On Wednesday, political parties in Kosovo officially begin their electoral campaign for the October 6 parliamentary elections.
Around 1.94 million Kosovars will have the right to cast their vote in the parliamentary elections set to be held on Sunday, October 6.
The population of Kosovo stands at around 1.7 million, with the many thousands of Kosovars living abroad causing the higher number of those eligible to take part. More than 42,000 new applications were received by Kosovo’s diaspora wishing to be registered to vote, double the amount of people that applied prior to the last parliamentary election in 2017.
More than 400,000 members of the Kosovo diaspora are registered at Kosovo’s Ministry of Diaspora and Strategic Investments. However, the number is believed to be double that of those who are registered.
The nine-day election campaign begins on Wednesday and will conclude on Friday, October 4, with one day of electoral silence before voting begins at 07:00 on Sunday.
Those heading to the polls will have 25 political parties or pre-election coalitions to choose from. Prishtina Insight compiled a description of the parties and pre-election coalitions that were created earlier in September.
On their ballot, voters can first choose one political party to vote for. This choice represents the prime ministerial candidate that they support. Second, voters are expected to choose their five favorite candidates from the same party to take a seat at the assembly, which is comprised of 120 available seats.
According to the Central Election Commission, CEC, 46,000 people were removed from the list of Kosovo residents eligible to vote, primarily those who have set aside their Kosovo citizenship or have died.
The CEC stated that these parliamentary elections will cost the Kosovo state budget more than five million euros, which is the average cost of the last three parliamentary elections that have been organized. Funds from the state budget are allocated for monitoring, printing ballots, salaries of those involved in the organization of the election and other logistical issues related to the voting process and the run-up to the elections.

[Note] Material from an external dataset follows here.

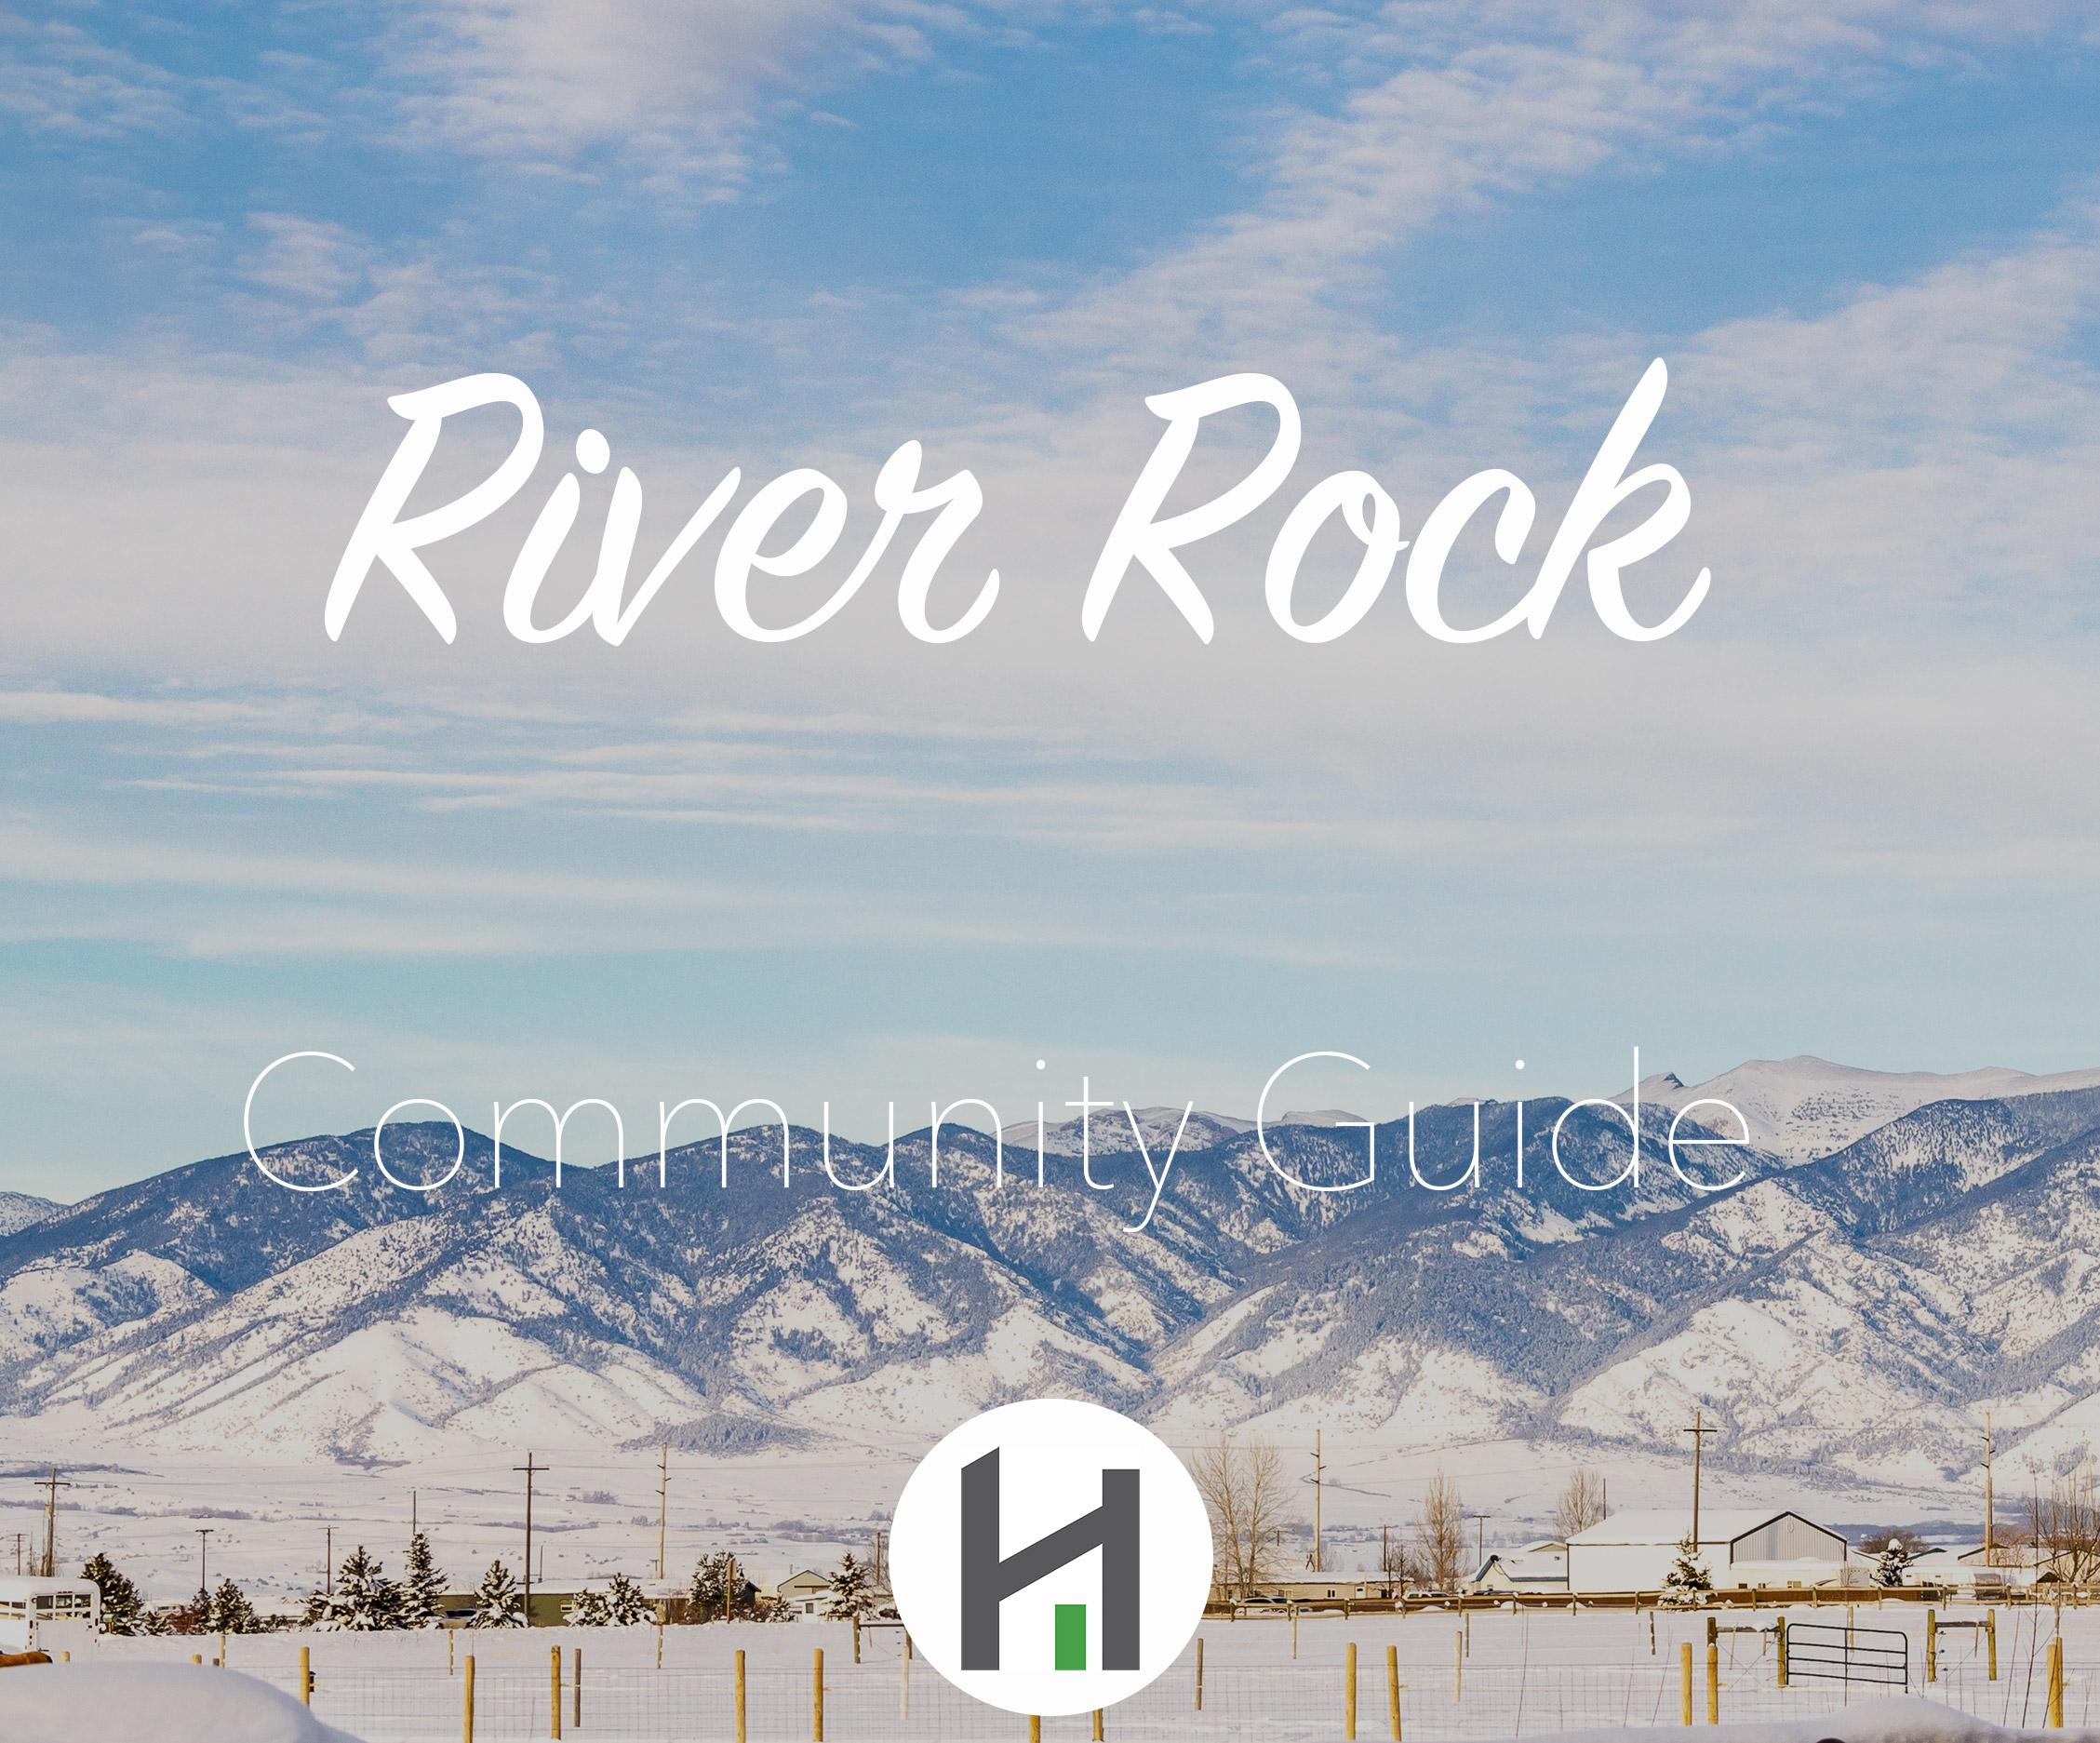 Find River Rock Homes and Real Estate in Belgrade MT

“In the name of CEC, I want to guarantee all the participants in the elections that the CEC remains committed to providing organized elections in accordance with the Kosovo Constitution and the highest European standards,” said Valdete Daka, the chairman of the CEC.
Elections were primarily triggered by the resignation of Prime Minister Ramush Haradinaj on July 19. The decision to hold early elections was announced on August 22 by Kosovo President Hashim Thaci after a motion of no confidence was passed in the Kosovo Assembly.